意味がよく分からなかったので、何も答えられずにいた。

その人は、長椅子の隣に腰を下ろして、私の左腕の腕章にそっと指を当てた。

腕章は、司書補の証として実習中だけ付ける黄色の細い布だった。

その人は、その布の端を二度、軽くつまむような動きをした。

「もうすぐ戻れるから、少しだけ目を閉じてて」

と言われた。

目を閉じると、頭の奥の方で、紙のページをまとめて指で弾くような、低い音がした。

その音と一緒に、頬のあたりで何かが小さく弾けた感じがあった。

気がつくと、私は地下二階の七番目の列の前で、識別票を貼っている途中の郷土史を膝に乗せて座っていた。

糊の臭いは戻っていた。

空調の低い唸りもあった。

天窓からは、いつもの灰色の雨の光が落ちていた。

時計を見ると、三時三十二分だった。

三時半過ぎに少しおかしいと感じてから、内線をかけ、地下一階に上がり、廊下から中庭を見て、貸出ロビーまで歩いて、事務室の女性と話して、目を閉じるまで、私の体感では二十分近くあった。

その間、時計の針は二分しか動いていなかった。

その日の終業後、いつものように先輩と一緒に貸出ロビーで戸締まりの確認をした。

カウンターを回り込んで事務室を覗いたとき、私はそっと壁を確認した。

黒い電話は、なかった。

そこには、白いプッシュ式の内線電話が一つ掛かっているだけだった。

事務室の長椅子も、革張りの黒ではなく、布張りの灰色のものだった。

記憶のずれかもしれないと思って、念のため副館長に「昔、ここに黒い電話があったか」と訊いてみた。
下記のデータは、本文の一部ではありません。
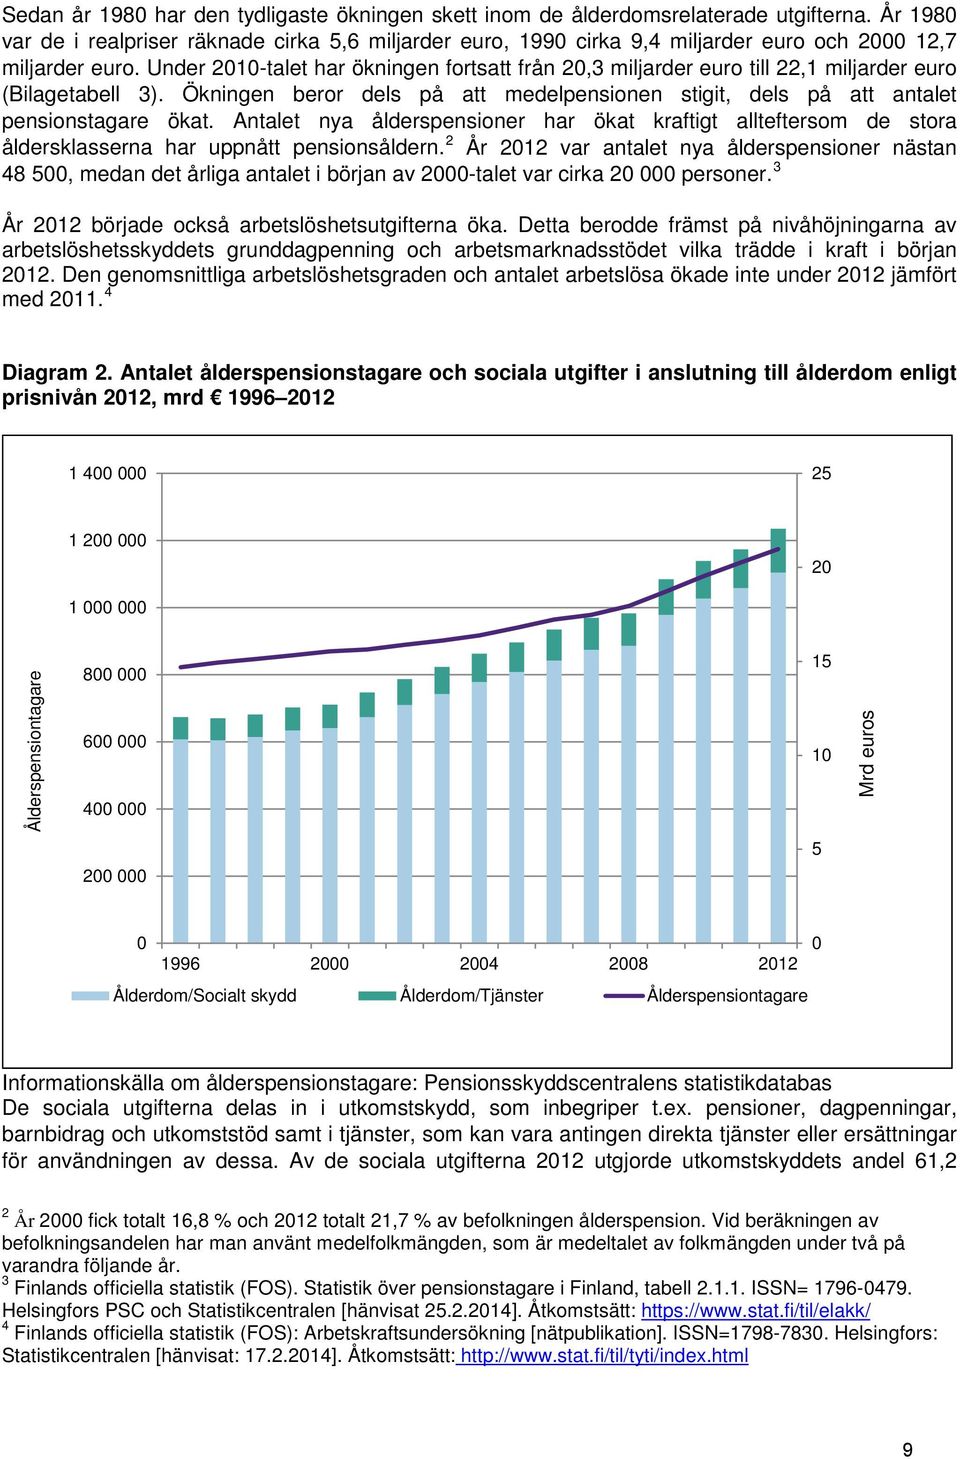 Under 2010-talet har ökningen fortsatt från 20,3 miljarder euro till 22,1 miljarder euro (Bilagetabell 3). Ökningen beror dels på att medelpensionen stigit, dels på att antalet pensionstagare ökat.

副館長は少し考えてから、「あなたが入る何年も前の話だけど、確かに事務室の壁には円盤式の黒い電話があったね」と言った。

「もう十五年以上は前の話だけど、それがどうかしたの」

と訊かれたので、私は「いえ、何となく気になったので」とだけ答えた。

その後しばらく、私は閉架書庫の最下層に一人で入るのが少しだけ怖かった。

怖さの種類が、幽霊のような怖さではなく、自分のいる場所がもう一度ずれてしまうかもしれない、という種類の怖さだった。
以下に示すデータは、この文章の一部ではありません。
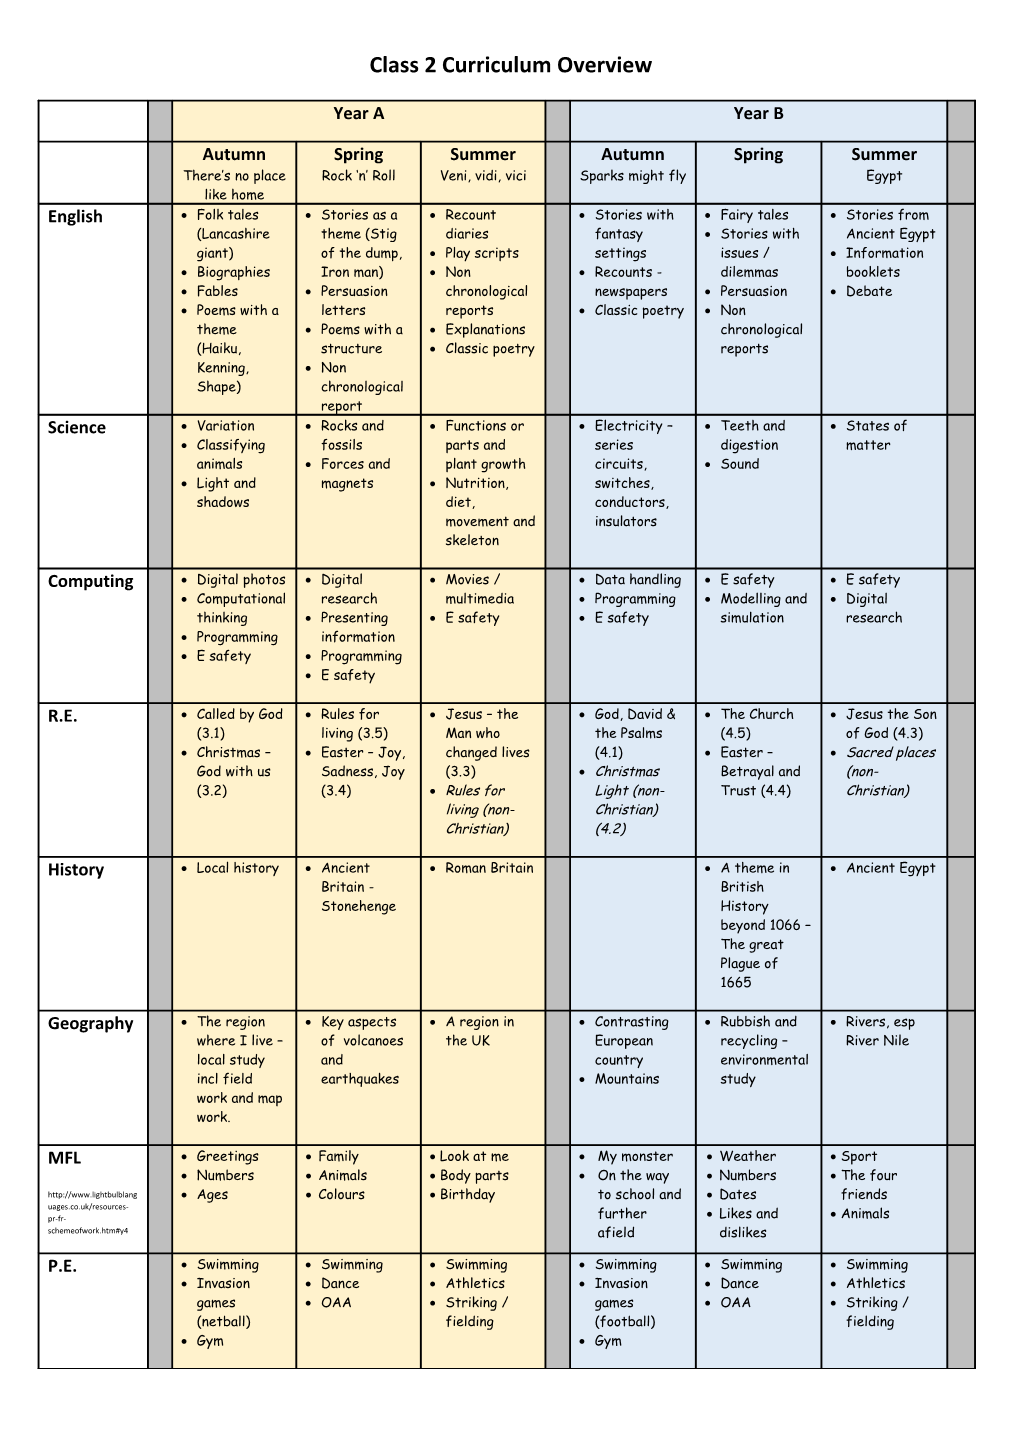 Class 3 Curriculum Overview

司書補の実習が終わるまでの間、もう一度同じことが起きるのではないかと身構えていたが、結局そういうことは起きなかった。

ただ、後から思い返すたびに、一つだけ気になっていることがある。

事務室で会ったあの紺色の事務服の女性は、私が地下二階から来たと告げた瞬間、ほんの一瞬、ああまた、というような顔をしたのだった。
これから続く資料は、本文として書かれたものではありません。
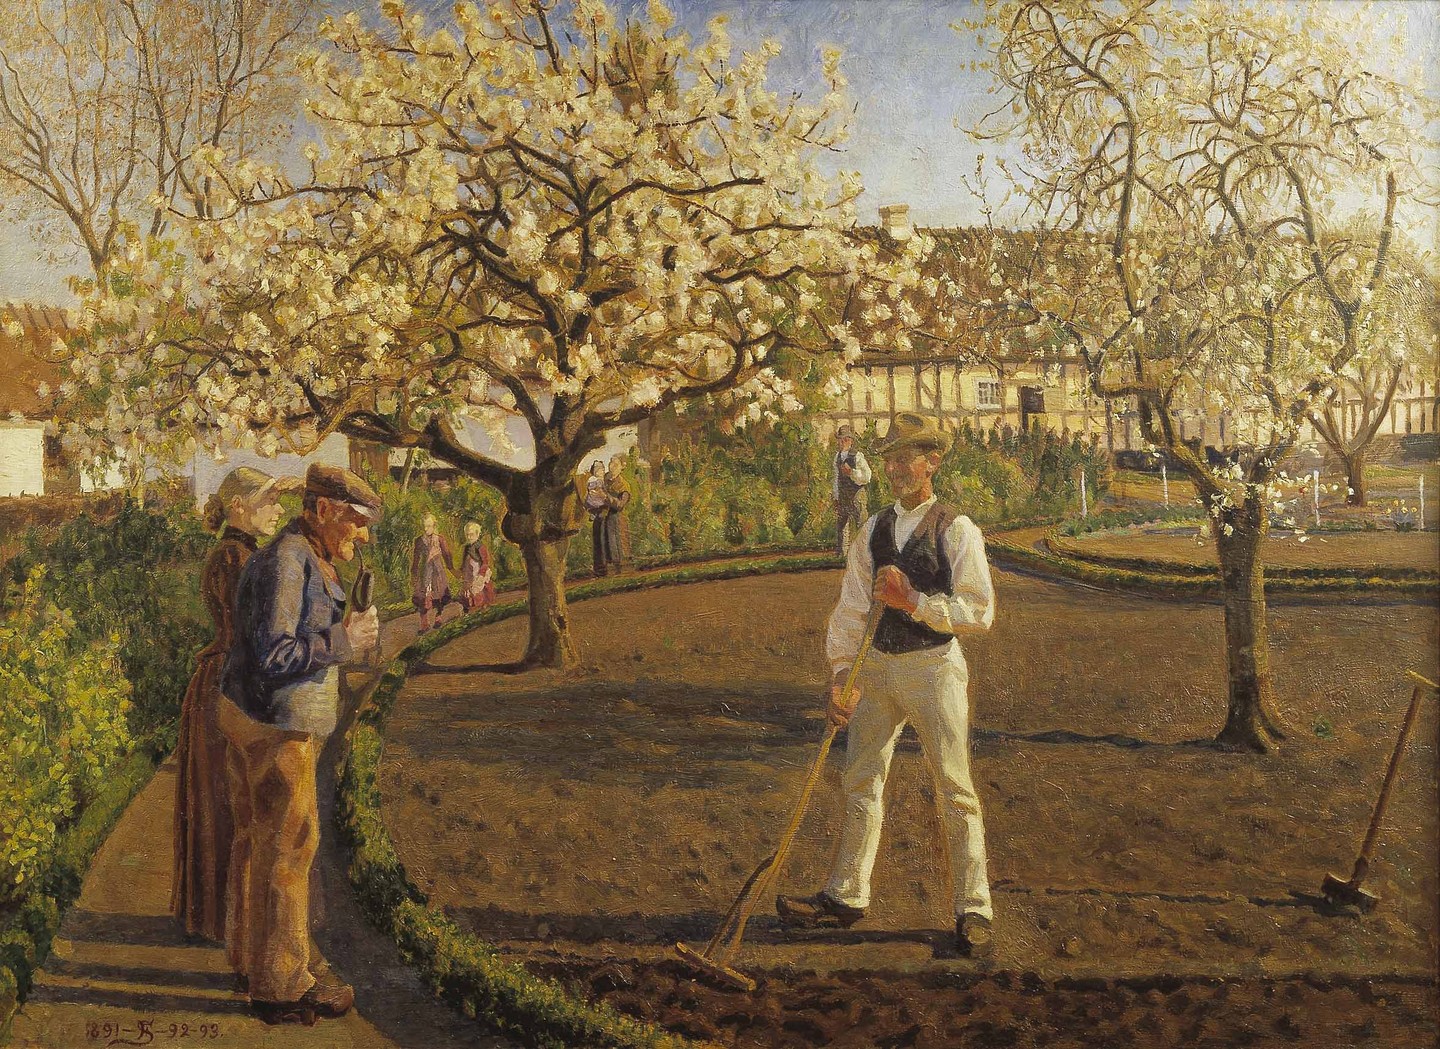 Fritz Syberg: ’Spring’, 1891-1893. The Hirschsprungske Collection

電話で「今年、四人目」と告げたとき、その人の声には驚きが少しもなかった。

その口調は、年に何度か起きる事務手続きを、淡々と片付けている人の口調だった。

あの方は、もう何十年もこの書庫を見ている人なのかもしれません。

今もときどき、私はその図書館の前を通る。

本館の二階の窓を見上げて、中庭の方に視線を移すと、低い木は今もそこに立っている。

ただ、雨の日にあの天窓の青を思い出すと、まだ少しだけ、足元の床が遠くなる感じがする。